Настена еще немного поглядела на Юльку, словно убеждаясь в том, что та настроилась должным образом, потом повернулась к Мишке.
— Поп с Нинеей встречался?
— Да, она его чуть не убила.
— Как он спасся? Знаешь?
— Мне показалось, что это я помешал. Нет, не показалось, Нинея потом сама сказала, что я вовремя встрял.
— Рассказывай подробно, Юля, внемли, у него пока еще воспоминания свежие, потом потускнеют, ничего не поймешь!
Мишка прикрыл глаза, стараясь восстановить не только зрительные образы, но и воспоминания об ощущениях и чувствах, хотелось помочь Юльке, да и самому было интересно. Начал медленно говорить:
— Они встали друг против друга, Нинея рукой вот так сделала… А он за крест взялся…
— Что ты почувствовал? Ведь почувствовал же?

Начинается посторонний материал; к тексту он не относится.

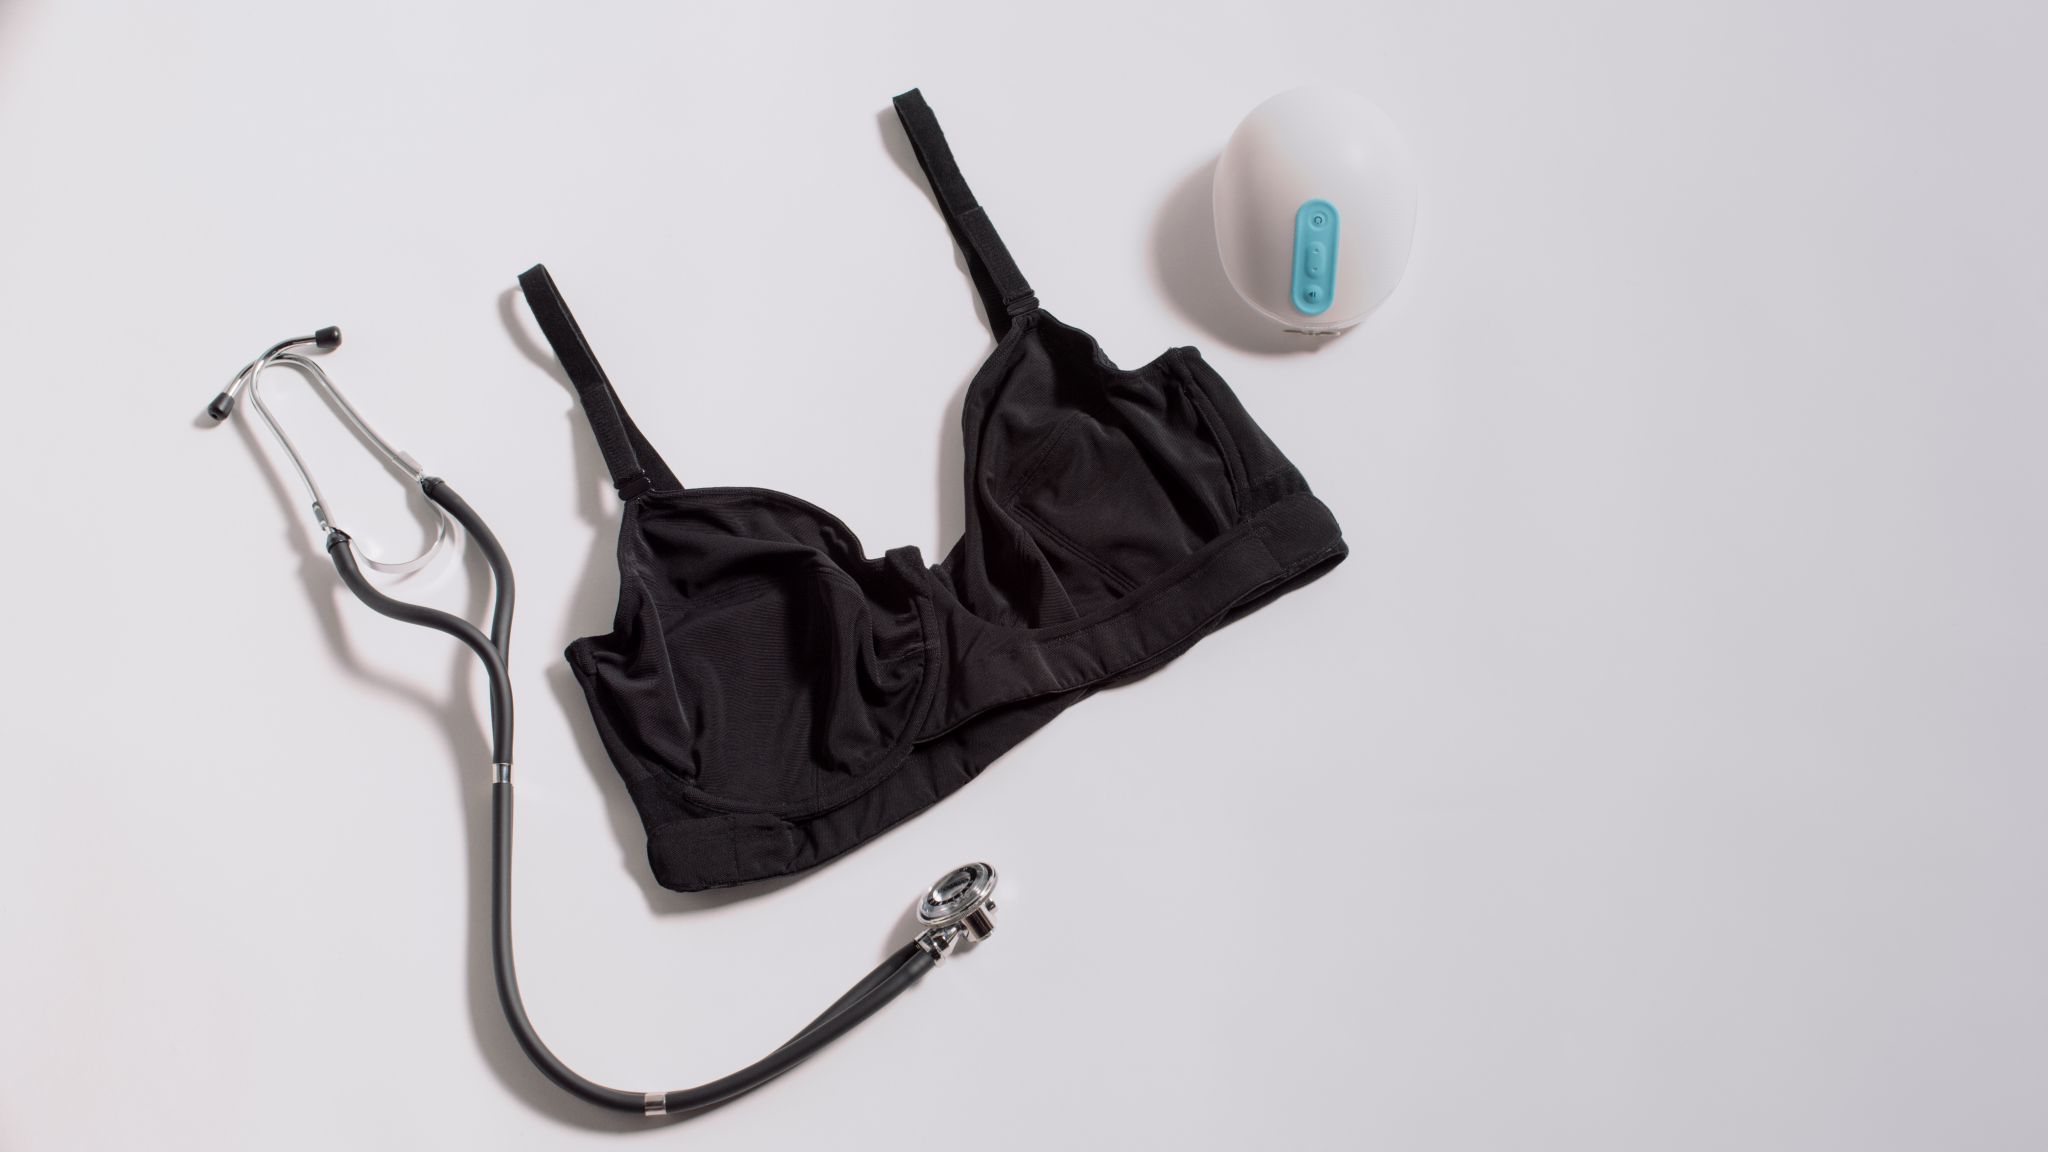 JENNAbra Product Flatlays Black bra on display with stethoscope and device

— Это словами не объяснить.
— Говори, как получится, Юлька поймет.
— В общем, вместо двух человек, как бы один сделался и это была Нинея… почти. От отца Михаила мало оставалось, но оставалось, я точно знаю. А Нинея что-то приказывала, но не словами, а как-то так, ну как своим телом управляешь.
— Юля?
— Да, мам. Так и было — она повелевала, добивалась полного подчинения, но он чем-то мешал.
— Миня, что он делал?
— Молитвы читал, сначала вслух, потом уже не мог губами шевелить и читал про себя.
— Юля?
— Да, тело ему уже не подчинялось.
— Какие молитвы он читал, помнишь?
— Не слышно было, но, по-моему, "Символ Веры".
— Какие там слова?
— "Верую въ единого Бога Отца, Вседръжителя, Творца небу и земли и видимыимъ и невидимыимъ.
И въ единого Господа Иисуса Христа, Сына Божиа, Единочадааго, от Бога истинна, рождена, а не сътворена, единосущна Отцу, Имже вся быша".
— Хватит! Мама, не чувствует он ничего, для него это только слова, а поп этим спасался. Наверно, дело не в словах а в вере.
— А я тебе что говорю все время? Дураки заклинания заучивают, и ничего не выходит, потому, что дело не в словах! Надо всего себя в нужное состояние привести, хотя бы, как этот поп. Для него каждое слово — не только звук, но и образ, чувство, ощущение. Он весь меняется, когда свои заклинания произносит, другим становится: сильнее, умнее, прозорливее. Ему такое открывается, о чем в другое время он и помыслить не мог, и в себе открывается, и в окружающем мире.
А так, вон Минька: пробубнил по заученному и ни уму, ни сердцу. Надумал бы спасаться такой молитвой и не вышло б ничего. Потому тебе и говорю все время: наговор лечебный, сам по себе, ничего не лечит. Надо, чтобы больной в него поверил всем своим существом, а для этого в наговор лекарь верить должен. И не важно, какие слова ты говоришь, лишь бы они на тебя и на больного нужное действие оказали.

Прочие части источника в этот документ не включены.